Multi-Column Indexes
Already covered in COMP9315 notes.
Full-Text Search and Fuzzy Indexes
Full-text serach engines allow a search for a word to be expanded to include:
- Synonyms.
- Ignore grammatical variations.
- Search for ocurrences of words near each other in the same document.
- Support various linguistic analysis of the text.
In Lucene, the in-memory database is a finite state automaton over the characters in the keys. This automaton can be transformed into a Levenshtein automaton, which supports efficient search for words within a given edit distance.
In-Memory Databases
RAM vs Disk
The data structures discussed so far have all been answers to the limitations of disks.
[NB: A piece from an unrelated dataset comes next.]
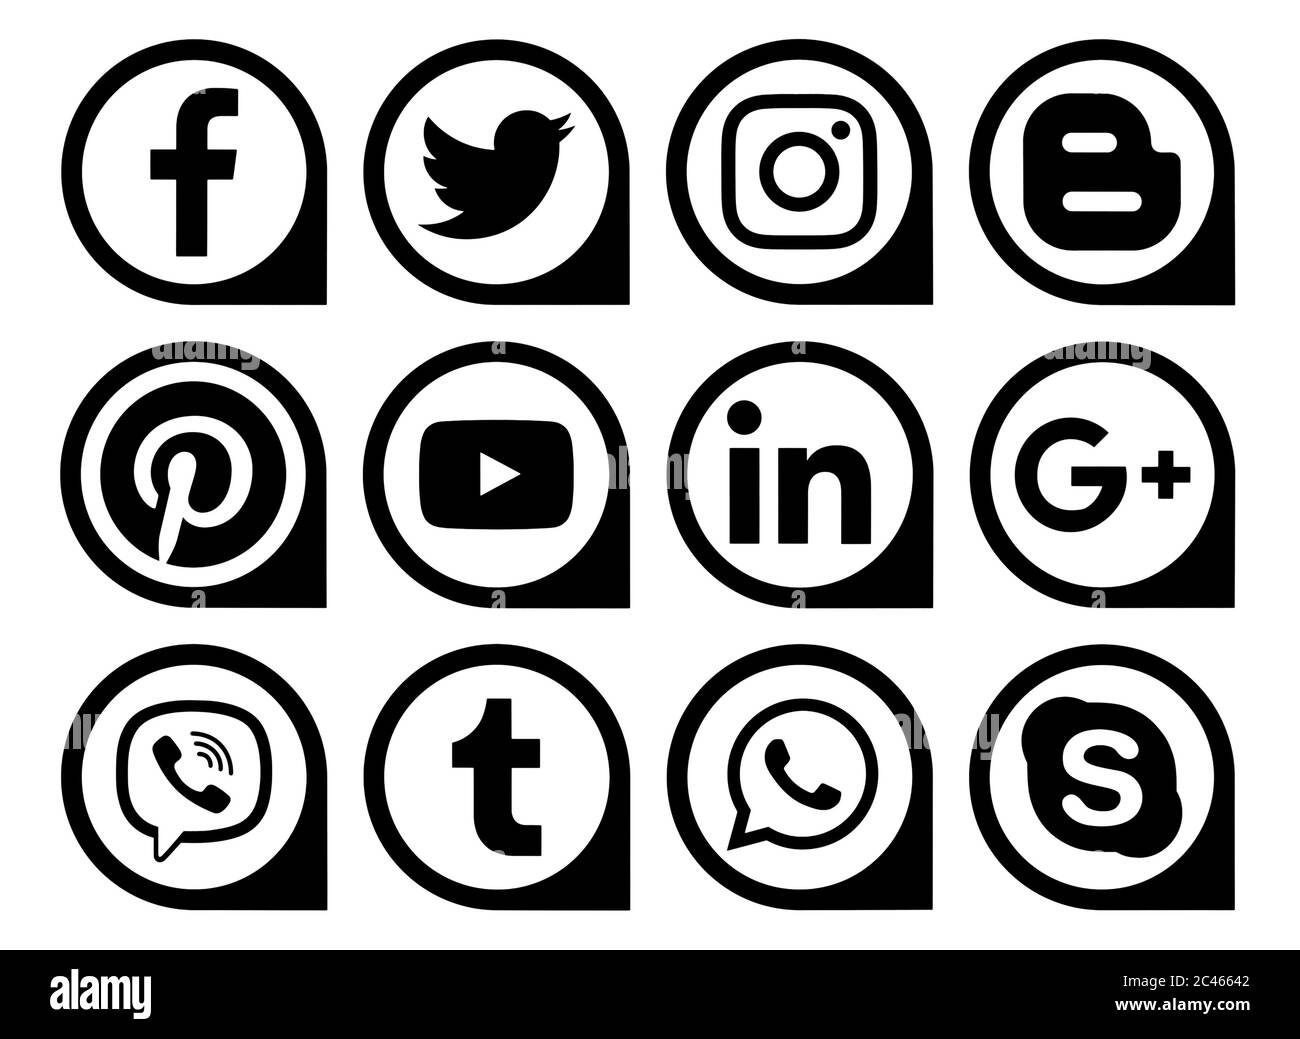 Kiev, Ukraine - 11 mars 2019: Les médias sociaux populaires icônes noires pointeurs imprimés sur papier: Facebook, Twitter, Instagram, Pinterest, LinkedIn, Viber, Banque D'Images
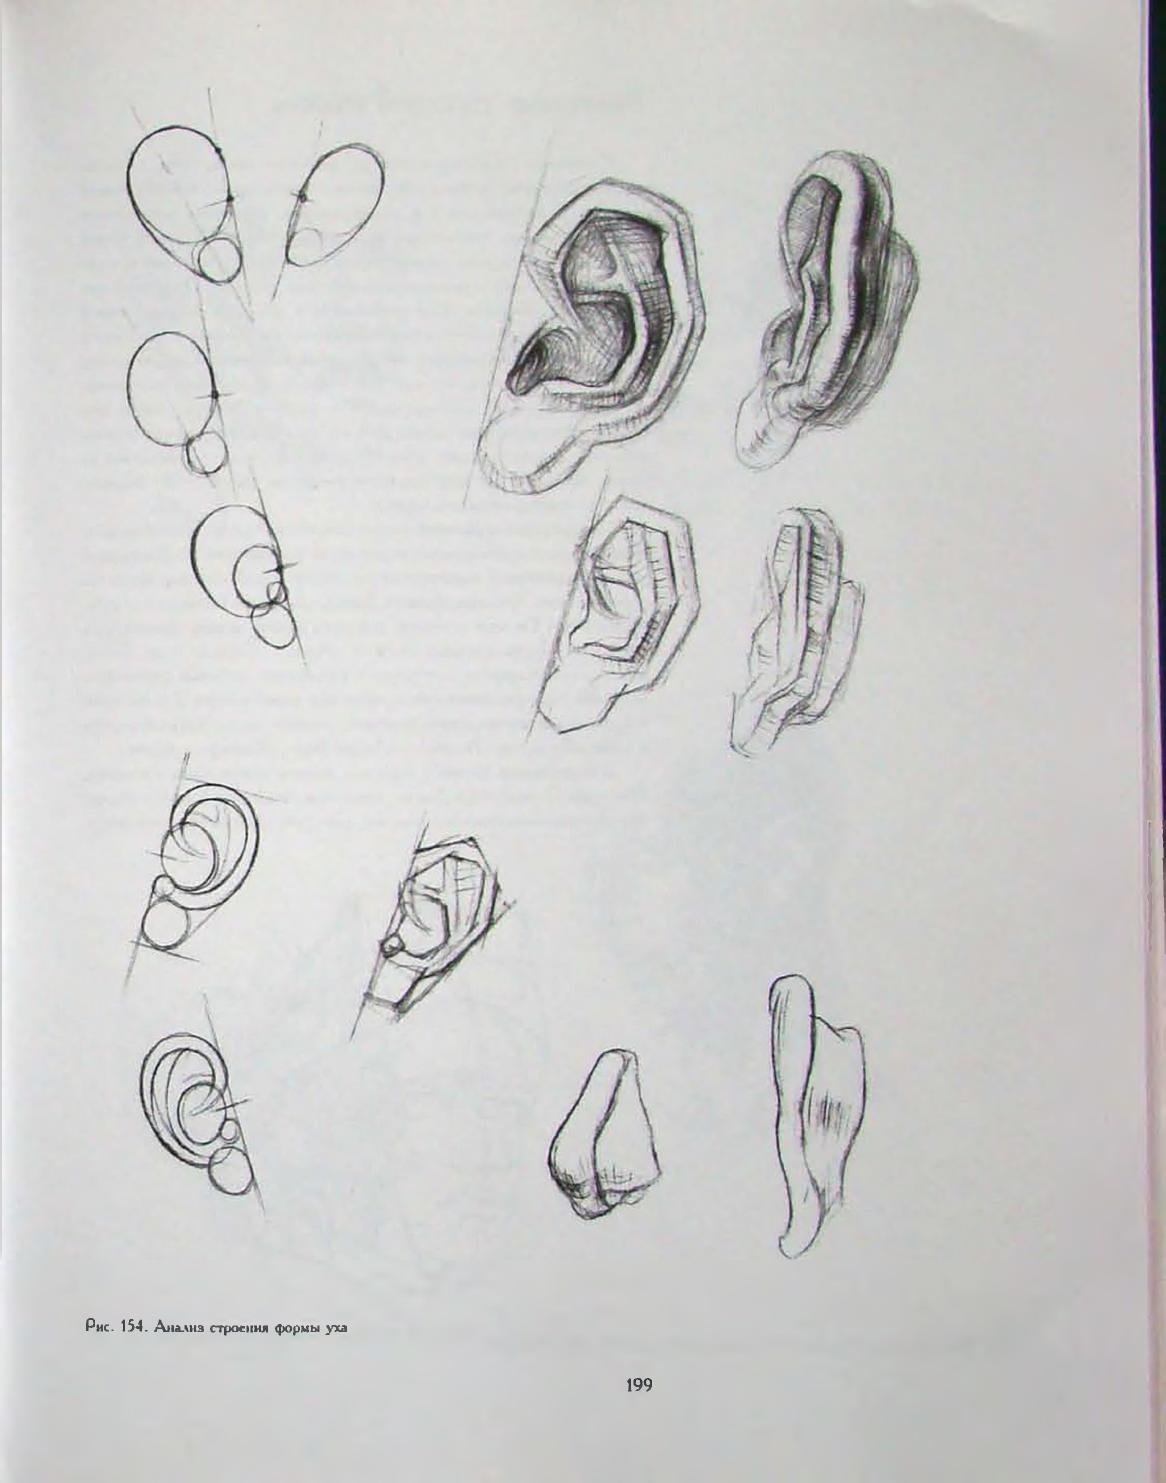 Уха поэтапно. Баммес анатомия уха. Построение уха Давида Академический рисунок. Ухо Давида Академический рисунок построение. Глаза Давида Баммес.

As RAM becomes cheaper, it is feasible to keep datasets entirely in memory which is much faster than disk. These in-memory databases are faster than traditional databases because they don’t need to read from disk and they avoid the overhead of encoding in-memory data structures in a form that can be written to disk.
Durability
Some in-memory key-value stores, such as Memcached, are only intended for caching, where it’s acceptable for data to be lost if a machine is restarted. Other in-memory databases aim for durability by any of the following:
- Writing a log of changes to disk.
- Writing periodic snapshots to disk.
- Replicating the in-memory state to other machines.
When an in-memory database is restarted, it needs to reload its state, either from disk or over the network from a replica. These in-memory databases only use the disk as an append-only log for durability, and reads are served entirely from memory.
Other Advantages
Some in-memory databases provide data models that are difficult to implement with disk-based indexes. For example, Redis offers a database-like interface to various data structures such as sets and priority querues.
Larger Datasets
In-memory databases can be extended to support datasets larger than the available memory by evicting least recently used data from RAM to disk when there is not enough memory, and loading it back into memory when it is accessed again in the future. This is similiar to what OSs do with virtual memory, but the database can manage memory more efficiently, as it can work at the granularity of individual records rather than entire memory pages.